Sherlock disparaît dans la cuisine et commence à ouvrir placards et tiroirs. Il le retrouve enfin dans le frigo, entre une tête en décomposition et une barquette de fraise et posé entre deux tranches de pain. Avait-il l'intention de le manger ? Peu importait, il attrape l'appareil, essuie le beurre dont il est enduit et se met à taper frénétiquement sur les touches.

-Watson revenez immédiatement au 221B. SH

Sherlock attend la réponse de son assistante qui tarde à venir.

-Ne faites pas votre forte tête. SH

Le détective pouvant être très impatient, il décida de harceler son frère.

-Watson à disparut, son contrat n'est pas terminé, retrouve là. S.

-Mon cher frère, je ne suis pas le Yard, demande à l'inspecteur Lestrade. M.

-Elle n'a pas disparut assez longtemps pour qu'il s'en occupe. S.

-Tant pis. M

-Tu l'as bien ramené par le fond de la culotte la première fois ! S.

-Tu m'agaces ! Elle est au Club. M.

Sherlock attrapa son manteau et se dirigea vers la sortie, il ouvrit la porte et se retrouva devant une foule compacte armée de caméra, micros et autres appareilles photos . Le détective fut littéralement assailli. Il referma la porte précipitamment.

-Je la hais!

Il monta à l'étage des chambres et entra dans la sienne,ouvrit la fenêtre et enjamba le rebord. Il sauta et atterrit dans une ruelle adjacente.

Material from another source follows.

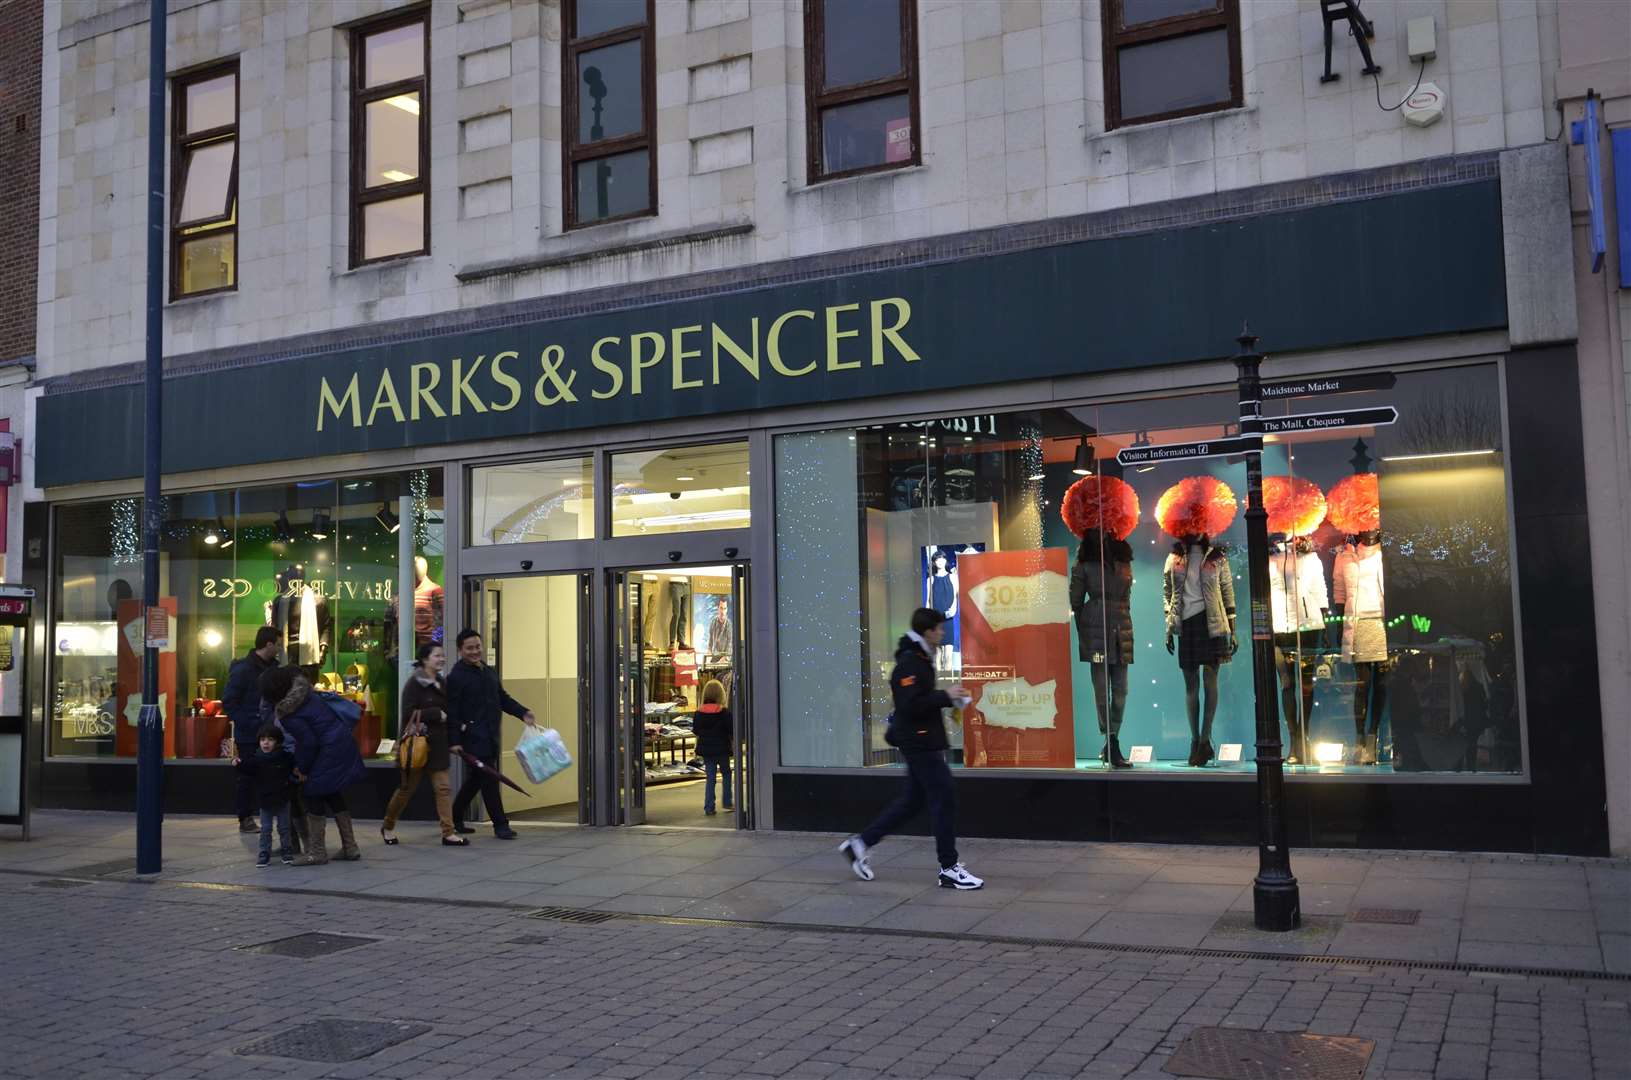 Marks & Spencer in Maidstone. Picture: Bob Kitchin

John avait déposé Sarah à son appartement et était maintenant sur le chemin du retour. Le taxi qu'il avait emprunté le déposa devant le 221B qui se trouva être encombré par une foule de journalistes. John fronça les sourcils et ça boule au ventre réapparut aussitôt. Il paya le chauffeur et descendit du taxi. Il se retrouva seul sur le trottoir, face à cette masse compacte de caméra, micros et d'appareils photos. Tout le monde se tourna vers lui, John fut éblouit par les flash qui commencèrent à crépiter, puis devint sourd sous la pluie de questions des journalistes. Il avança droit devant lui tendant une main comme un aveugle et toucha enfin le bois de la porte du 221B qui s'ouvrit paire de mains l'attrapa par le col de sa veste et le tira à l'intérieur. C'était Mme Hudson, lui souriant comme à son habitude.

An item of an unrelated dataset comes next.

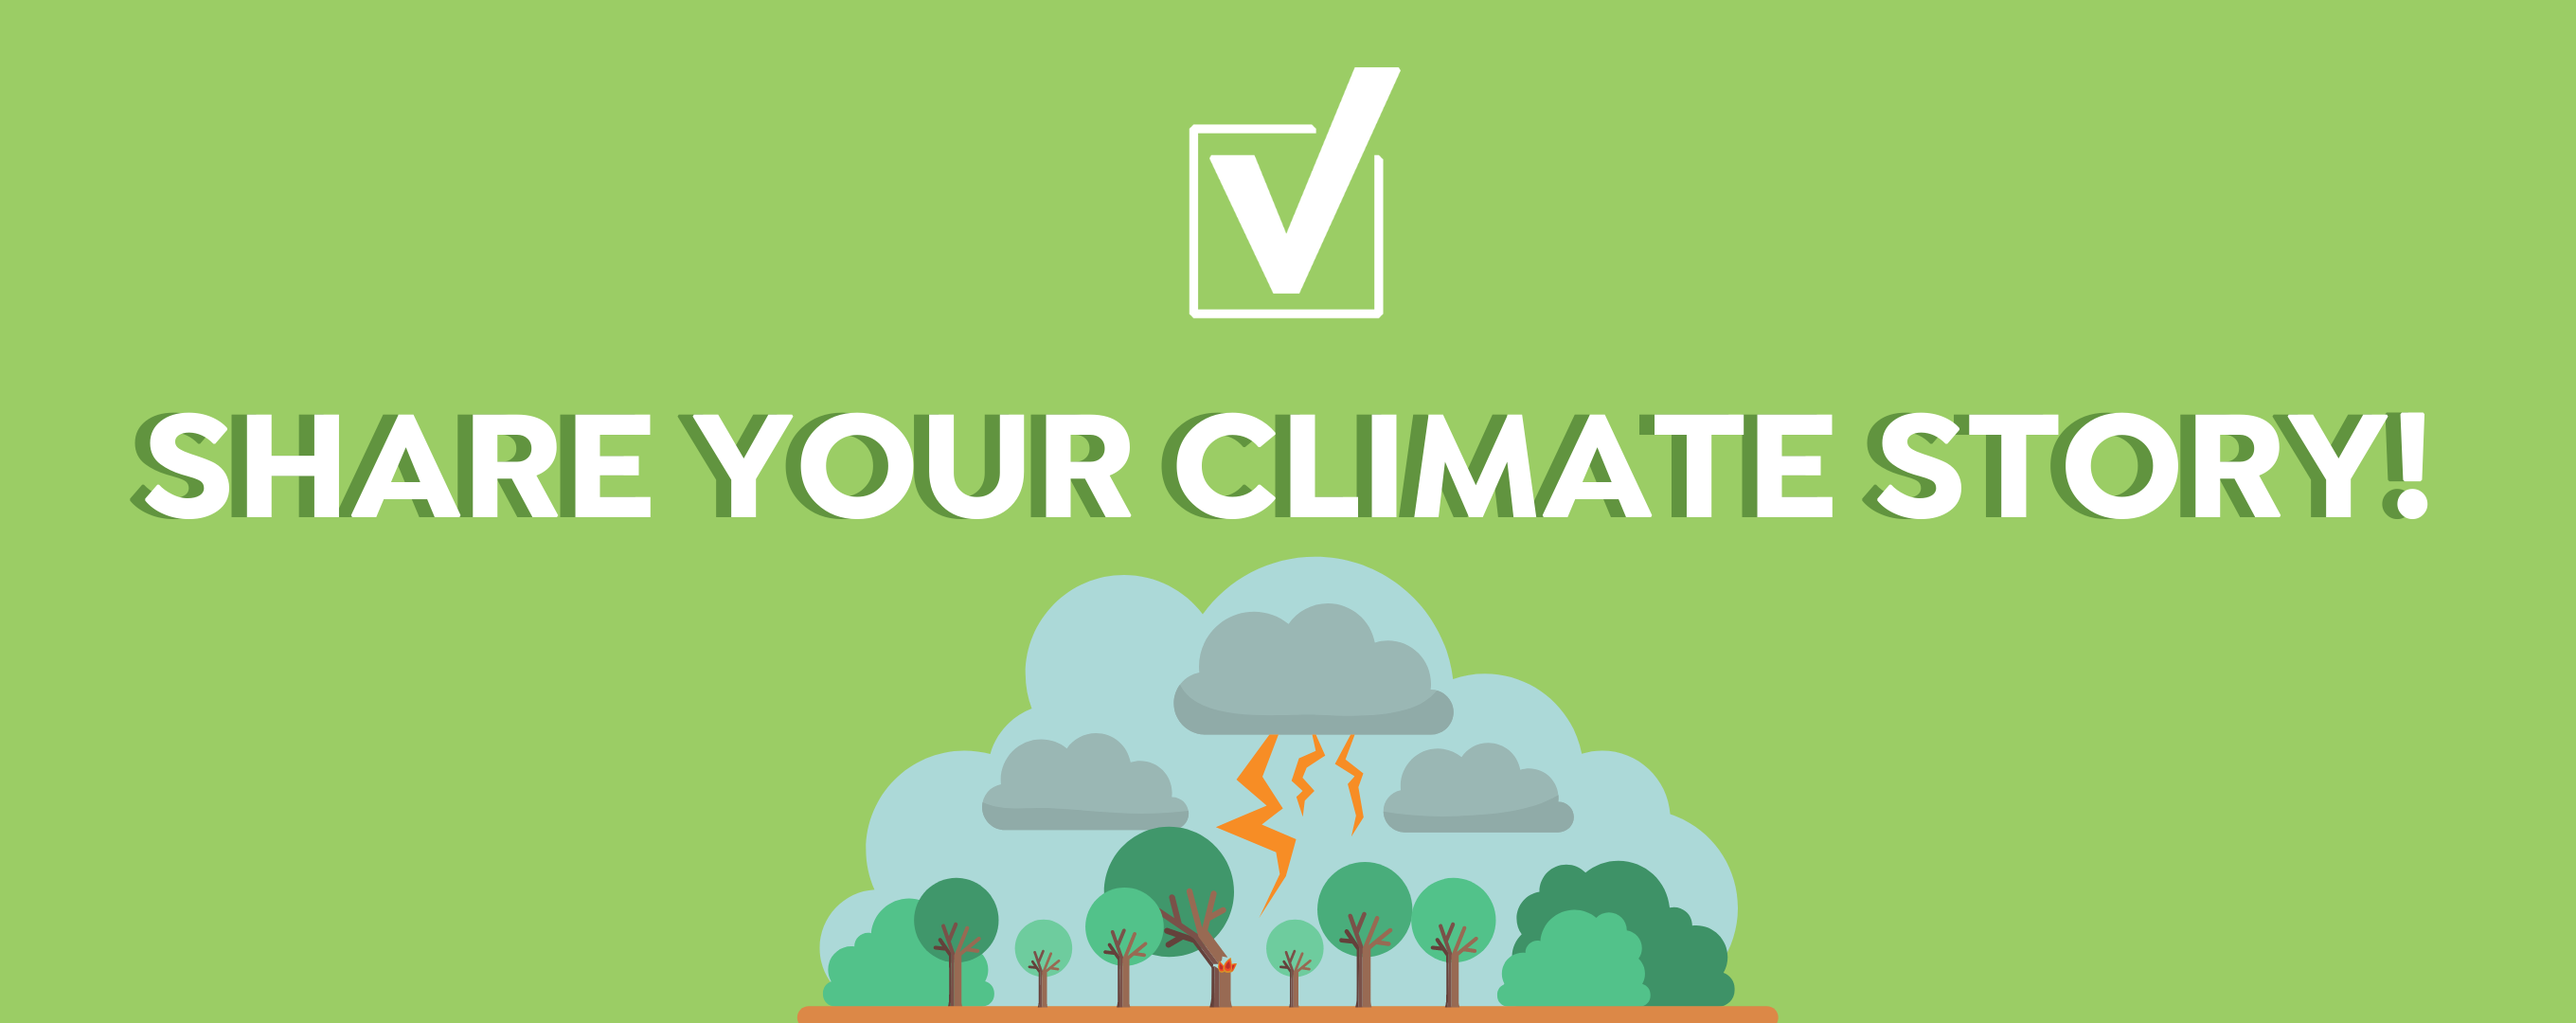 Share your climate story

-Qu'est ce qui se passe dehors ? Demanda le médecin encore sonner.

La logeuse lui tendit un journal que John saisit et lu le gros titre.

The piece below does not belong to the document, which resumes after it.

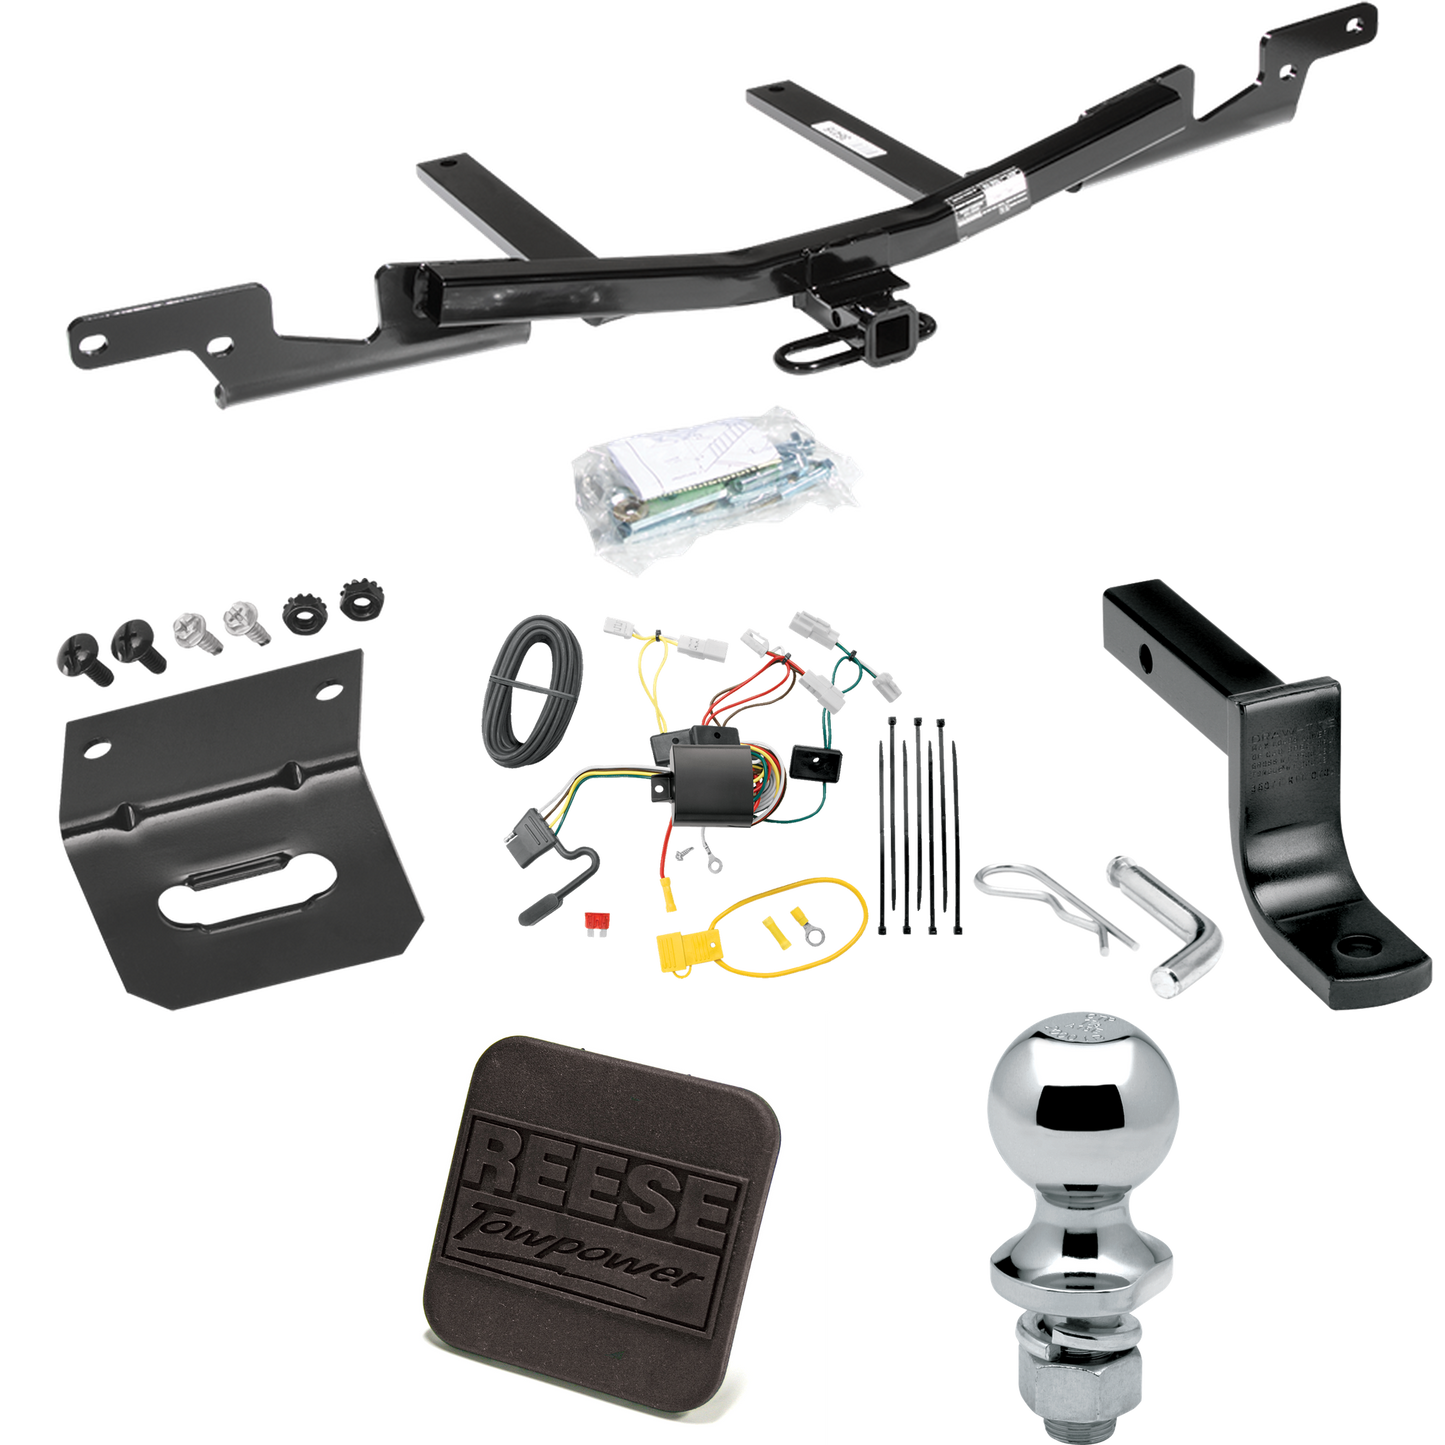 Fits 2007-2009 Toyota Camry Trailer Hitch Tow PKG w/ 4-Flat Wiring Harness + Draw-Bar + 1-7/8" Ball + Wiring Bracket + Hitch Cover (For Sedan, Except Hybrid Models) By Reese Towpower

-Ma sœur... commença-t-il.

-Elle est partie se promener.

-Sherlock est là ?

-Il est partie sur les traces de votre sœur.

-Il se sont fâchés ?

-Pour cela il aurait fallu qu'ils s'apprécie un jour.

-Je vais attendre leur retour alors.

John monta à l'étage et déposa son sac dans sa chambre puis redescendit au salon et s'installa confortablement dans l'un des fauteuils. Il saisit ensuite son téléphone envoya un message au détective.

-Je suis rentré, où êtes vous ? J.

Il posa son portable à côté de lui puis décida d'aller faire un tour sur son blog pour voir s'ils avaient rencontré des cas intéressants.

Sherlock arriva au Club, le major d'homme lui ouvrit la porte. Le détective lui glissa un morceau de papier dans la main que l'homme déplia et lu. Il hocha la tête puis lui montra une porte et disparut ensuite dans le salon principal.

Harriet était entrain de lire un livre lorsque l'homme lui effleura l'épaule. Elle leva la tête et il lui remis le message. La jeune femme soupira puis reposa son livre sur la petite table à côté d'elle et suivit le major d'homme qui l'introduisit dans l'une des pièces réserver aux étrangers. Elle entra et vit le détective en pyjamas. Elle leva un sourcil.

-Que vous est-il arrivé Sherlock ? Vous vous ne vous souveniez plus comment ouvrir votre penderie?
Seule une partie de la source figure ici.